Comparison of variant selection results to publicly available datasets

Results of the DESeq2 analysis of input versus selected were compared to the output from the Sorting Intolerant from Tolerant (SIFT) algorithm that predicts the effect of an amino acid substitution on protein function by multiple sequence alignments of related proteins (PAI-1 from S. scrofa, B. taurus, M. vison, R. norvegicus, and M. musculus; glia-derived nexin from H. sapiens, M. musculus, and R. norvegicus; neuroserpin from H. sapiens, G. gallus, R. norvegicus, and M. musculus)58. To compare SIFT results to our data, tolerated mutations were defined as those that were able to inhibit uPA (log2-fold change > 0) at 0 h, and noninhibitors (log2-fold < 0) at 0 h were defined as not tolerated. Finally, a χ2 test (SI Table 3) was used to determine if the variants identified as loss-of-function by our high-throughput screen were significantly underrepresented in the gnomAD database50 by comparing the expected frequency of variants identified in our screen that were present in gnomAD versus those that were not present.
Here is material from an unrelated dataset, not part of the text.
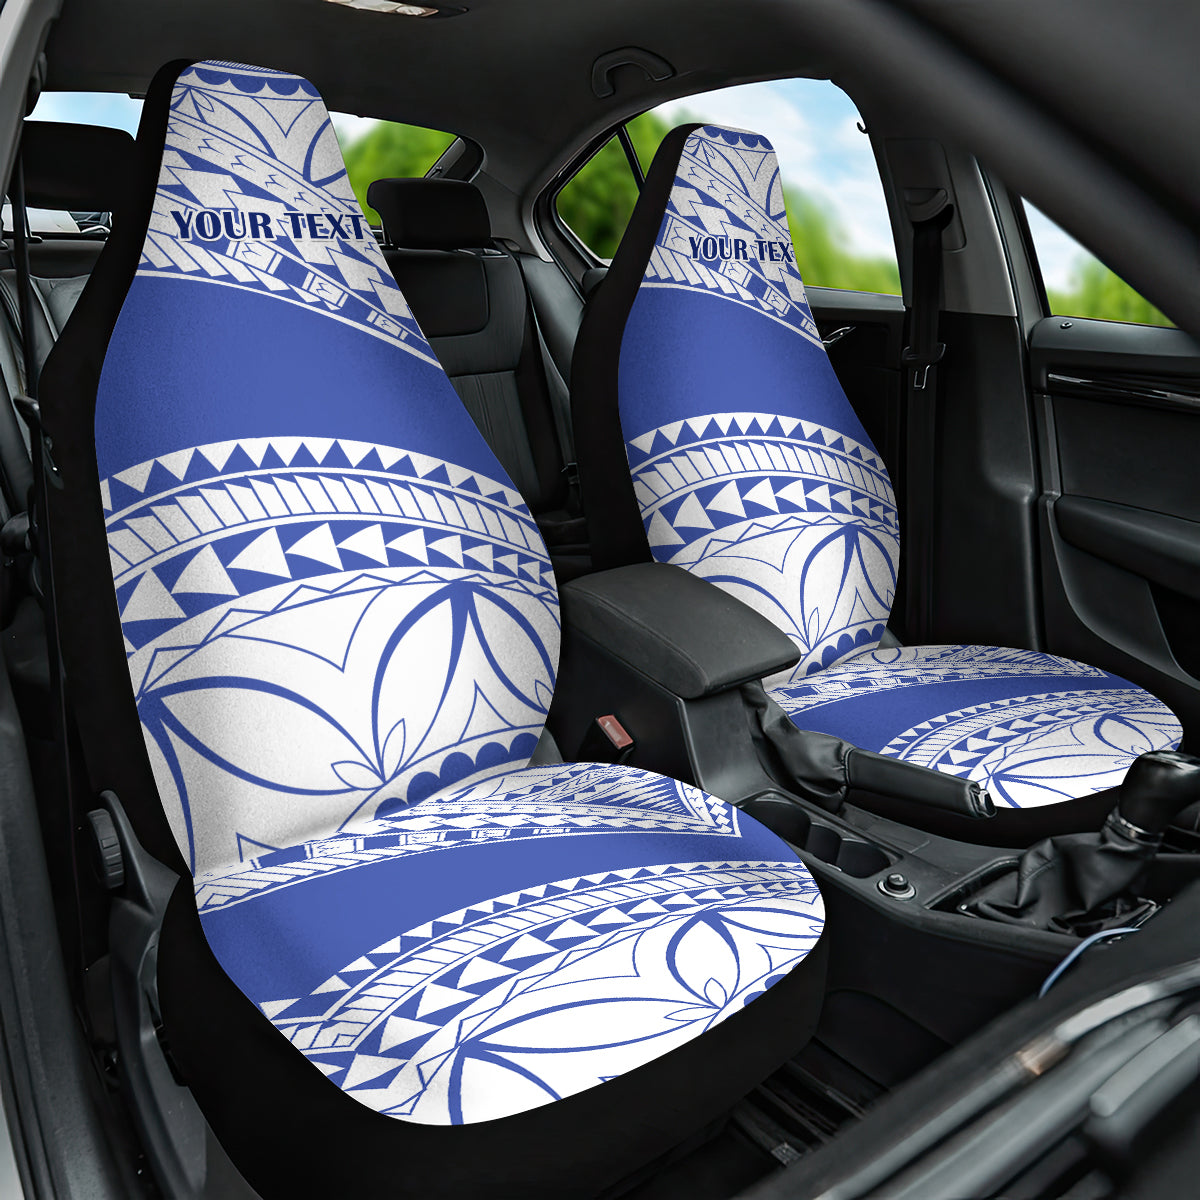 Personalised Samoa St Josephs College Car Seat Cover Marist Brothers Samoan Pattern LT14 One Size Blue - Polynesian Pride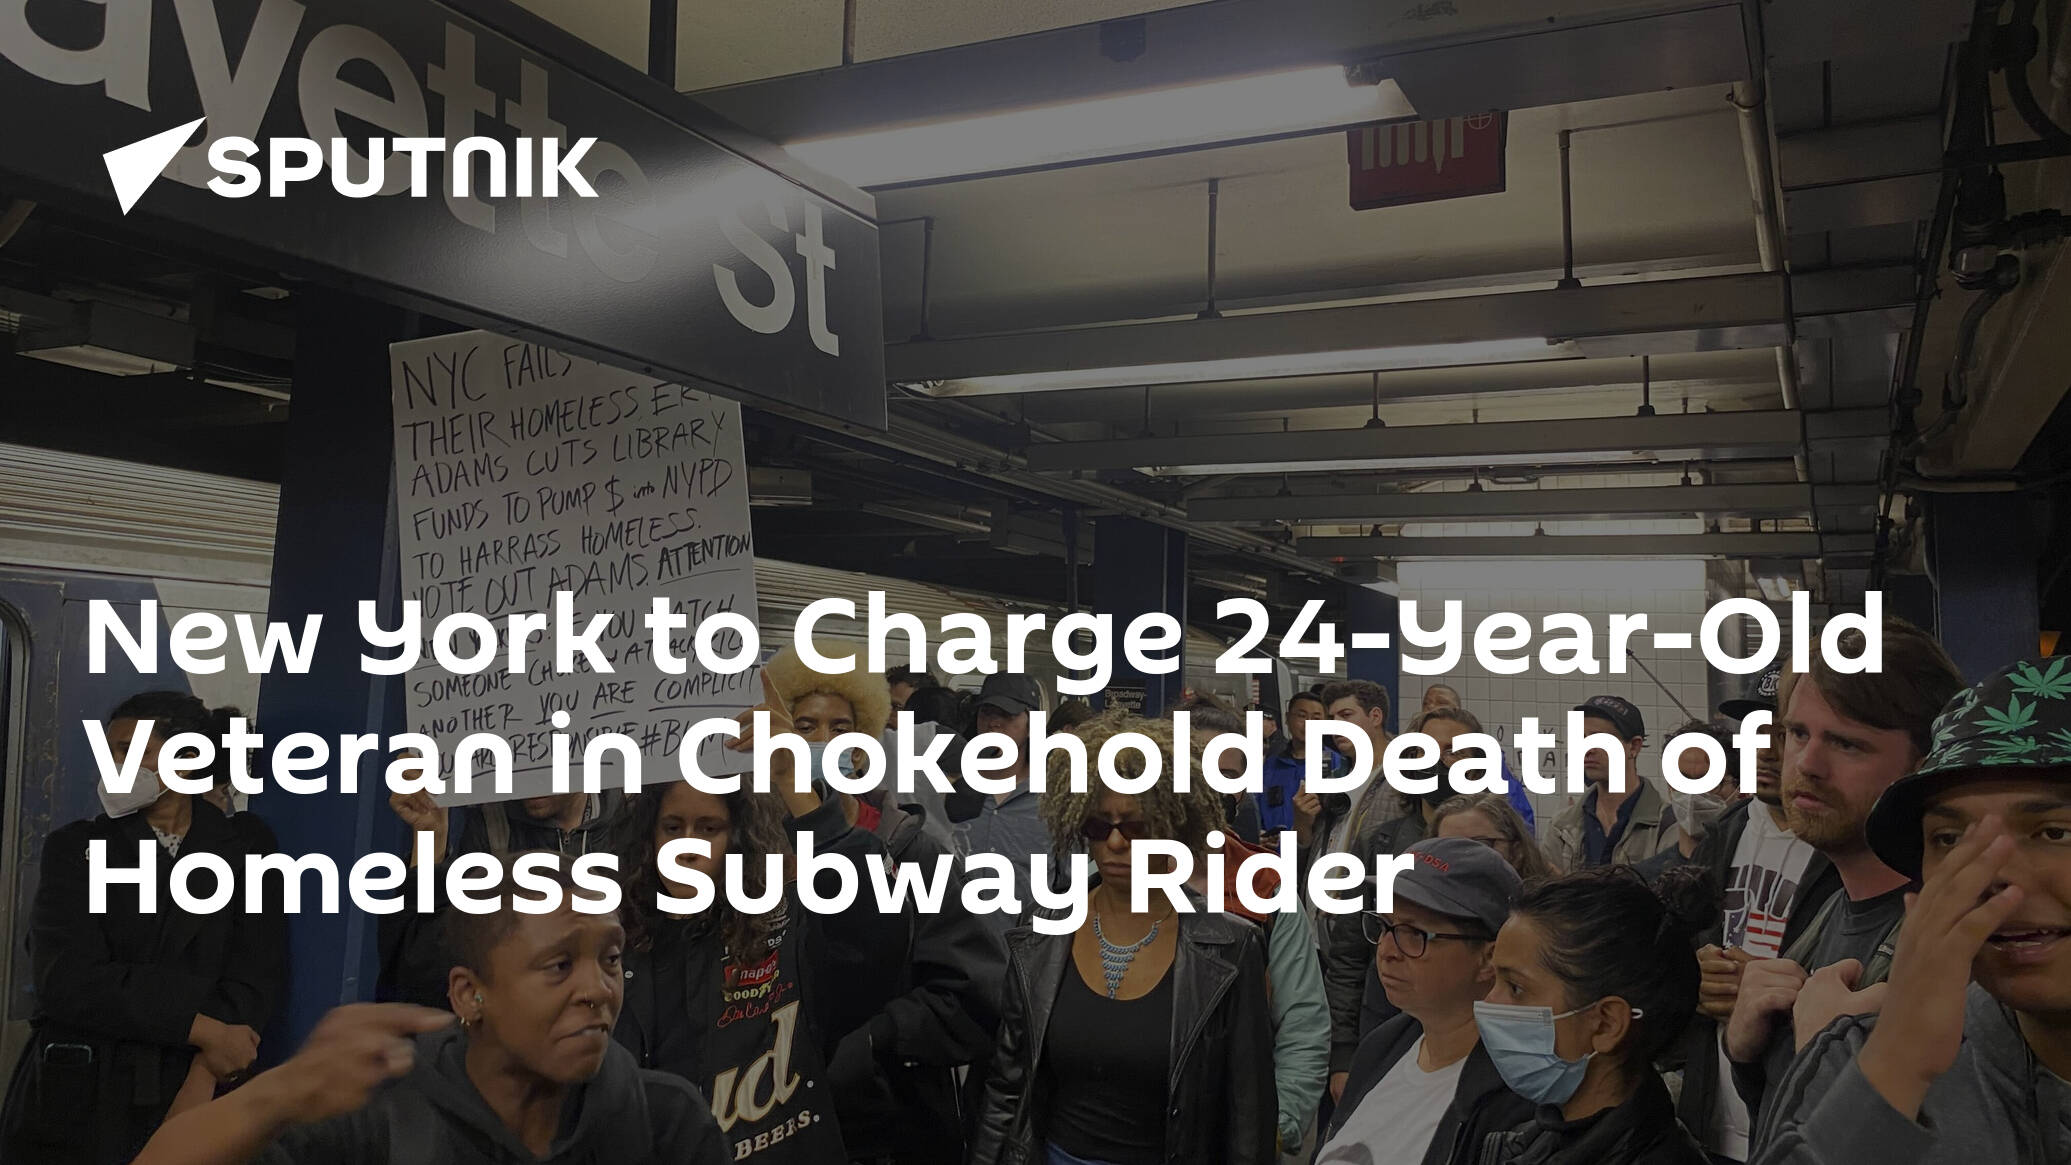 New York to Charge 24-Year-Old Veteran in Chokehold Death of Homeless Subway Rider

Evolutionary variability of PAI-1

A protein alignment of PAI-1 orthologs from 94 mammal species was constructed using the Comparative Genomics tools of the Ensembl webserver (www.ensembl.org; release 104) to search for orthologs to the human serpine1 gene (ENSG00000106366). We trimmed the alignment to include only the 379 positions contained in human PAI-1, and removed sequences containing more than 5 percent gaps after trimming. We then used ConSurf (https://consurf.tau.ac.il/) to calculate evolutionary conservation scores for each position in the protein, where higher ConSurf scores indicated more evolutionarily variable positions. To relate the functional susceptibility of each amino acid position to substitutions in our library to the same position’s evolutionary conservation score, a normalized functional mutation score was determined. This score was equivalent to the number of significantly enriched or functional missense mutations at a given position divided by the total number missense mutations with sufficient depth to be analyzed in our library at the same position. The normalized functional mutation scores were further divided into quartiles and used for an analysis of variance (ANOVA) to test the normalized functional mutation score predicted the degree of evolutionary conservation at the same position.